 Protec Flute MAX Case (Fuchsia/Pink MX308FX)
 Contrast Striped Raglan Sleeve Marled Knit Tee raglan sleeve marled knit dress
════════════════
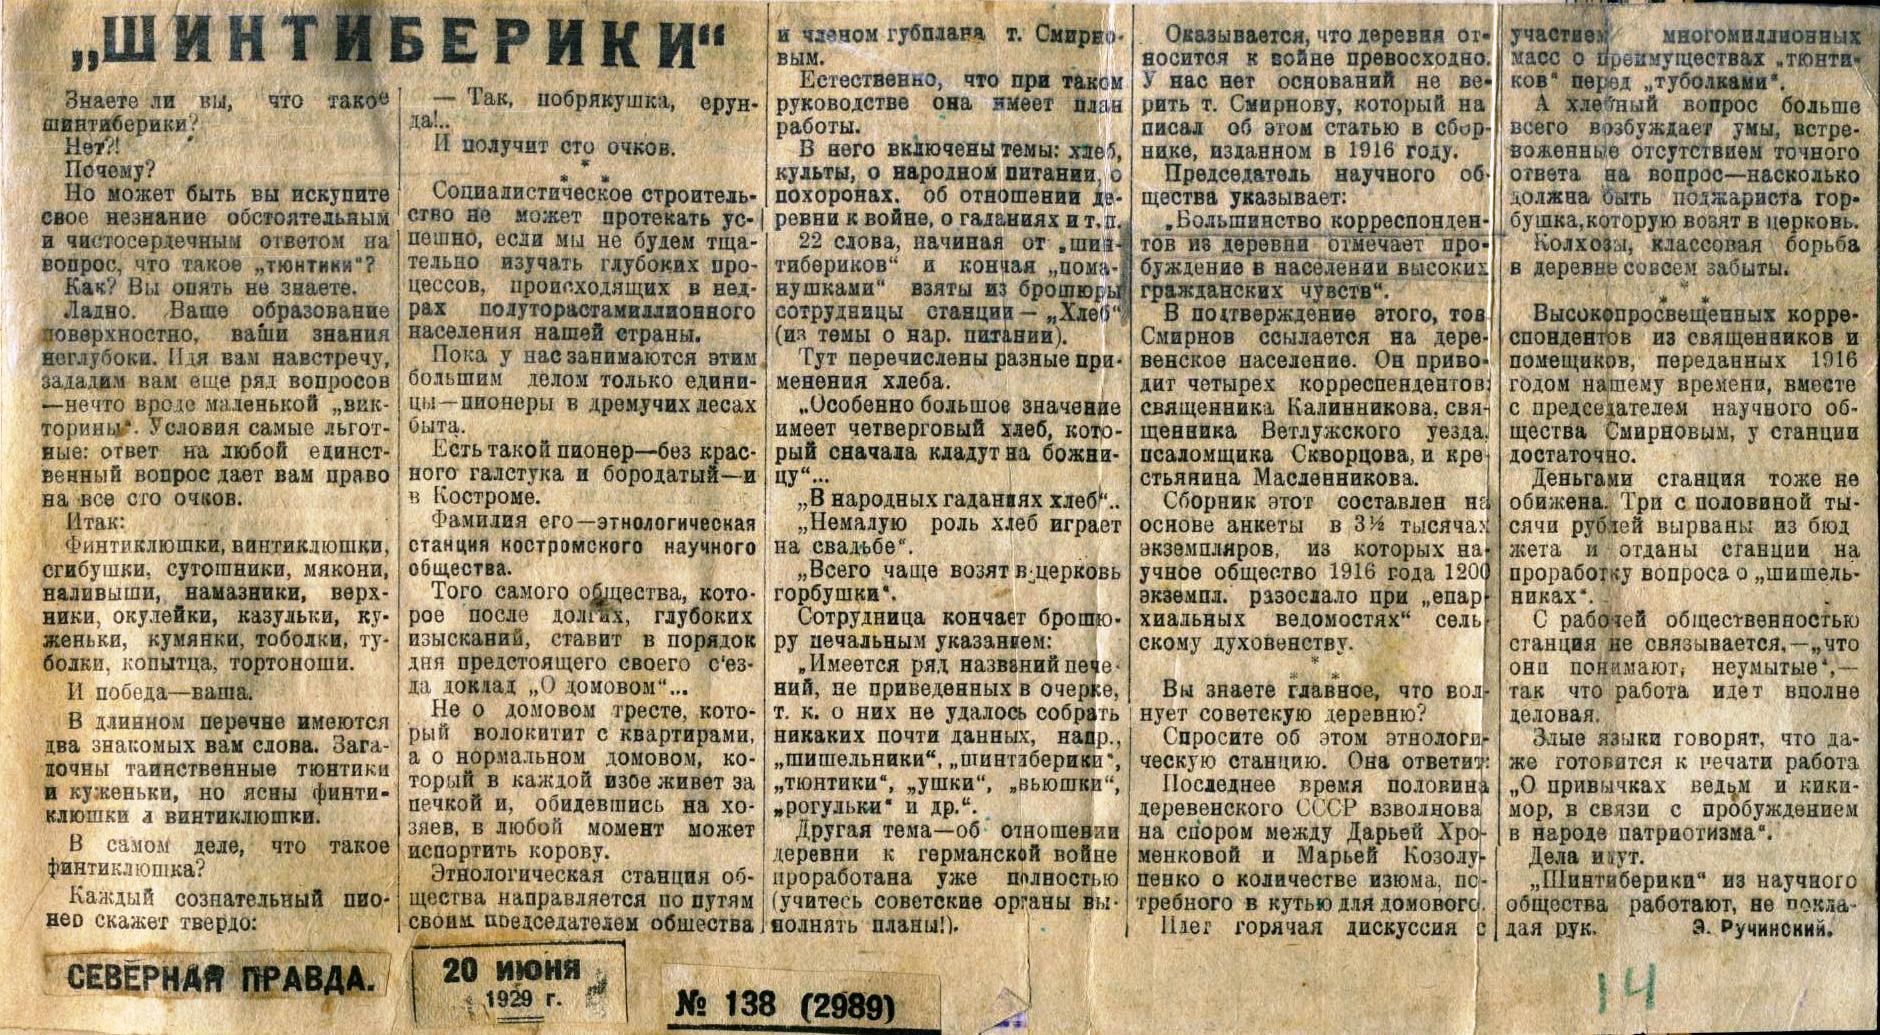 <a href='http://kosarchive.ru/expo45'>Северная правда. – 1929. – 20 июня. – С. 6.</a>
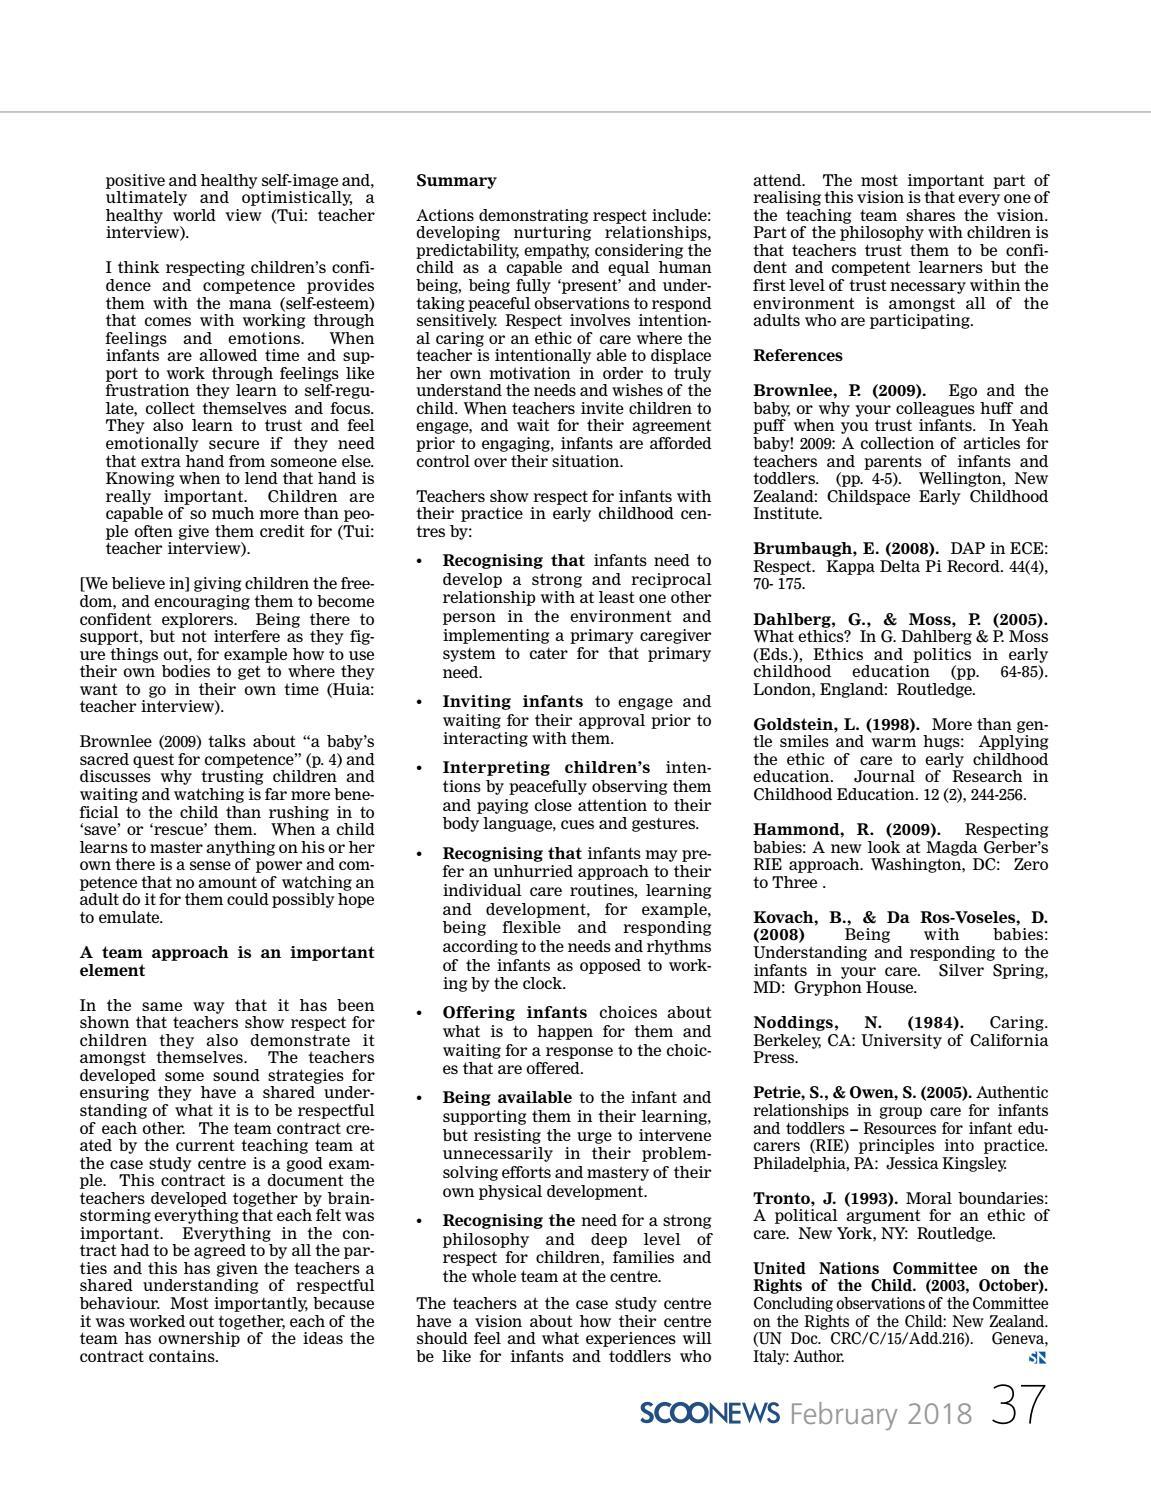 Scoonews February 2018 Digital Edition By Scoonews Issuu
════════════════
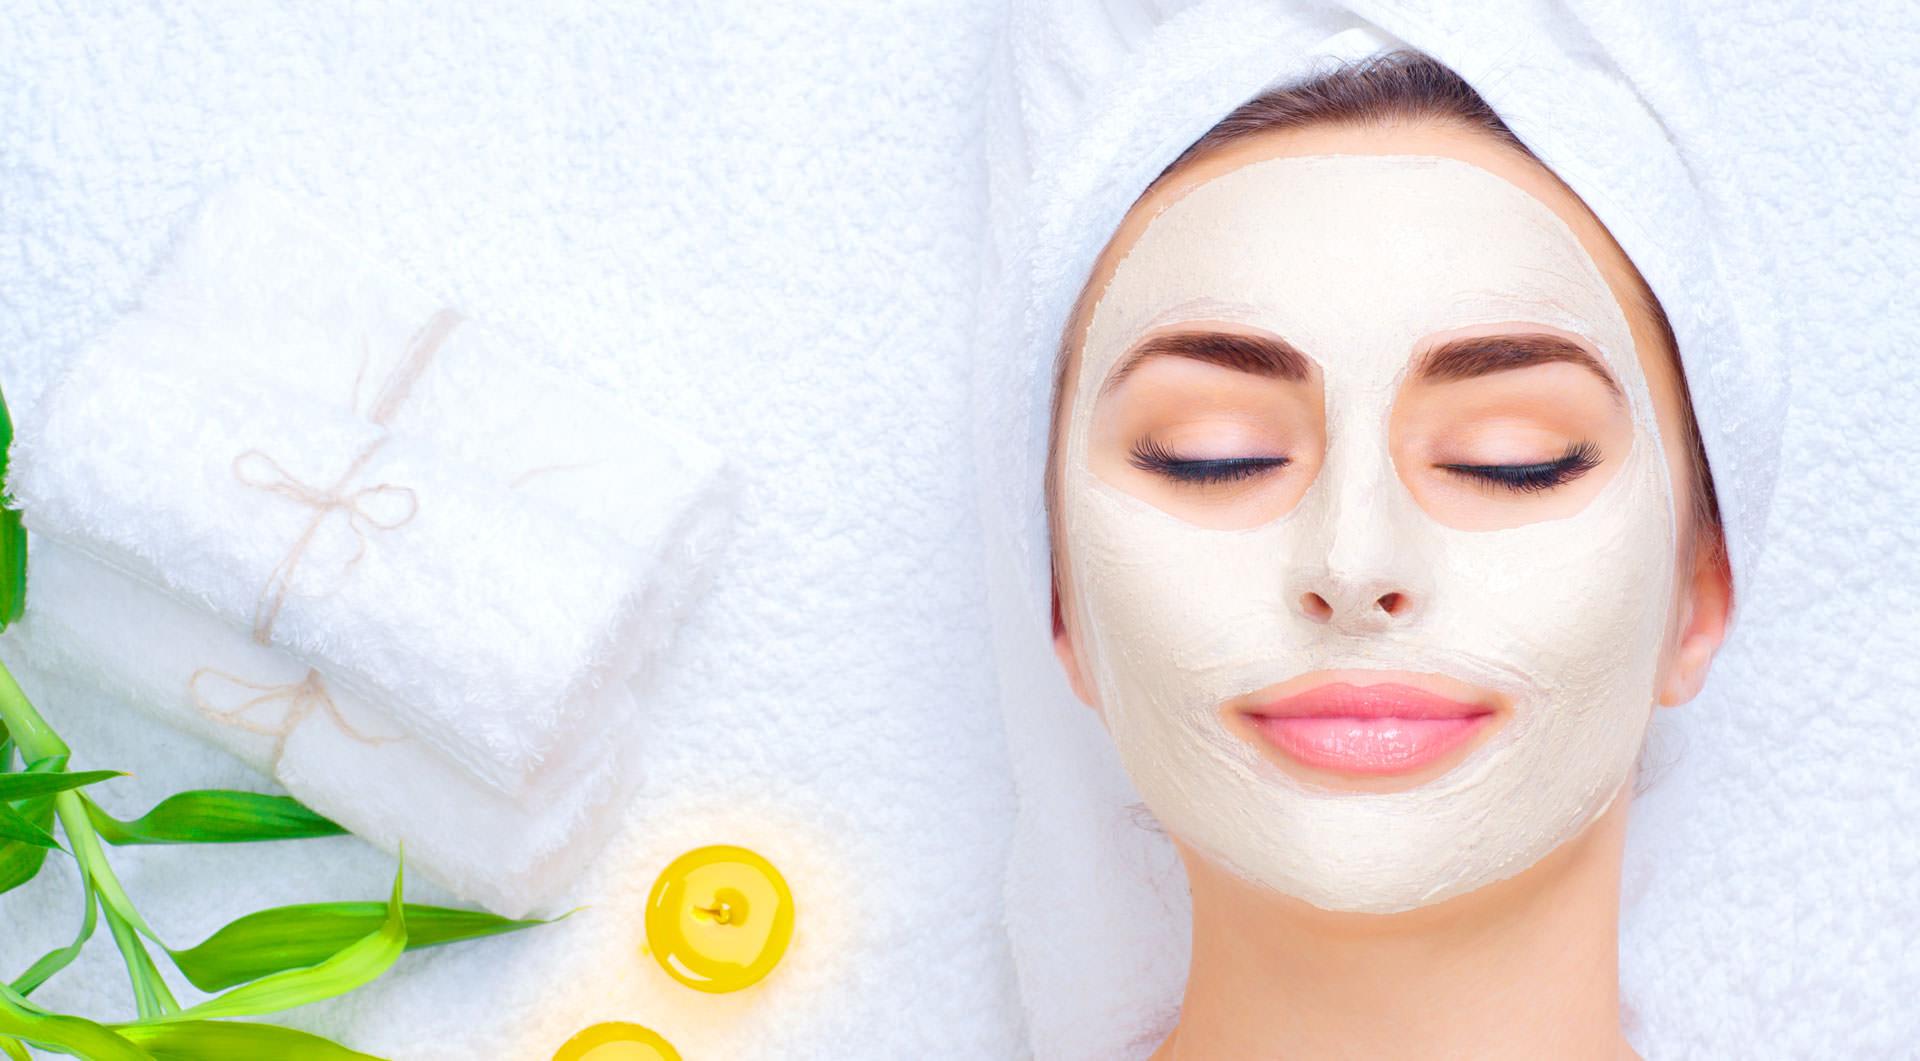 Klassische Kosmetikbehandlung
════════════════
▶ _Try it_: Exact duplication is required for the lines above, from the line that contains "Protec Flute MAX Case (Fuchsia/Pink MX308FX)" to the line that contains "Contrast Striped Raglan", inclusive; omit all others.

▶ _Answer to this task_:
 Protec Flute MAX Case (Fuchsia/Pink MX308FX)
 Contrast Striped Raglan Sleeve Marled Knit Tee raglan sleeve marled knit dress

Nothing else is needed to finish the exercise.